Our findings are similar to the results of Keppke et al and Miller et al (11
) who showed that WHO and RECIST underestimated response rates compared to criteria which take tumor necrosis into account. However, unlike these two previous studies, we used MRI as our imaging modality instead of CT. This study further differed from Keppke et al (11
) because we correlated tumor size with a functional measurement of tumor burden and from Miller et al (13
) because we focused on HCC rather than liver metastases.
Our study has several important limitations. First, while necrosis was estimated as non-enhancing tissue for the anatomical imaging criteria, —non-enhancement may not accurately differentiate viable from necrotic tumor on histopathology. Imaging response was not correlated with histopathology because tissue sampling was not clinically warranted. Second, results were assessed only for single dominant tumors with well-defined margins. Whether the results can be generalized to multiple tumors or those without well-defined borders remains to be shown by future studies. Third, we assessed response to radioembolization and not other liver-directed therapies, such as chemoembolization or radiofrequency ablation. However, because the methodology is the same, we see no reason why the results would not be applicable to all liver-directed therapies, or even systemic chemotherapies. Fourth, there was variability in the number of days post 90Y that the follow up MRI was obtained. In order to eliminate this variability, while maintaining 20 patients, we would have needed additional patients treated prior to July 2005 when DW MR images were not routinely available at our institution. Finally, we used a time-consuming rigorous method to outline and quantify necrotic volume. In clinical practice, necrosis is typically estimated as regions lacking enhancement. Although it remains to be shown how the results would occur in clinical practice, the use of bi-dimensional viable criteria appears most clinically applicable.

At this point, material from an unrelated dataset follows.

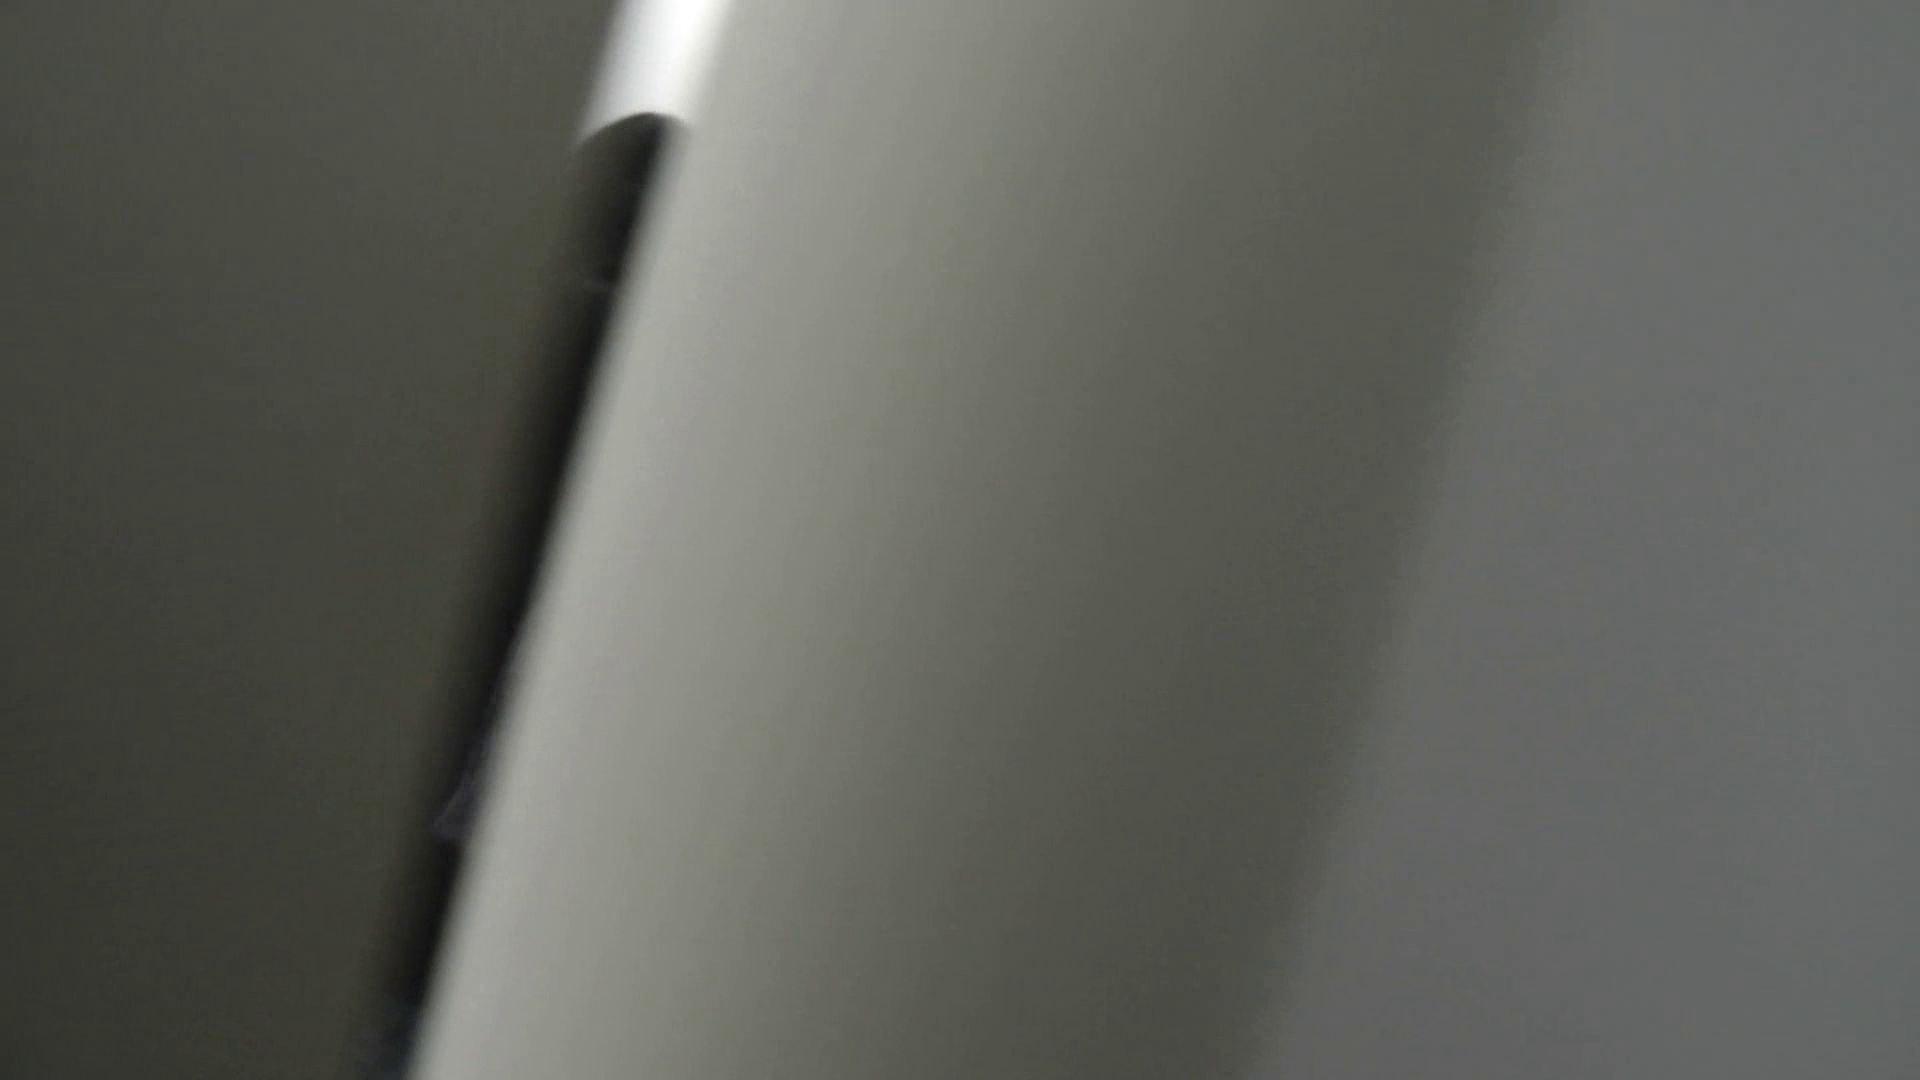 【日本成人用品展览会。超模如云】vol.01 着替|空爆 潜入突撃 | 着替え  103pic 4

We acknowledge the potential for bias with parts of the study design such as lesion selection, using consensus readings, or choosing readers who are familiar with the disease process and 90Y therapy. However, the goal of this study was not to establish the amount of necrosis caused by 90Y or to evaluate intra- or inter-observer variability. Instead, it was to show how different imaging criteria leads to different response rates. We selected patients with single or dominant lesions with well defined margins because measuring these lesions would offer the highest likelihood for reproducibility between readers. Also, by definition, lesions without measurable margins cannot be assessed using RECIST or WHO imaging criteria.
In conclusion, of the 5 competing anatomic imaging analysis approaches, bi-dimensional viable tumor size (2D EASL) criteria provide the greatest anatomic response to radioembolization. However, in the absence of correlative histopathology or longitudinal studies, we can only speculate that the 2D EASL approach is the preferred anatomic approach, while traditional size criteria underestimate response. For functional assessment of water mobility changes, DW MR imaging can serve as a complementary secondary method to assess response. However, it is not a substitute for primary anatomic measurements because we did not find a correlation between these methods. Correlation with clinical outcome is the subject of future study.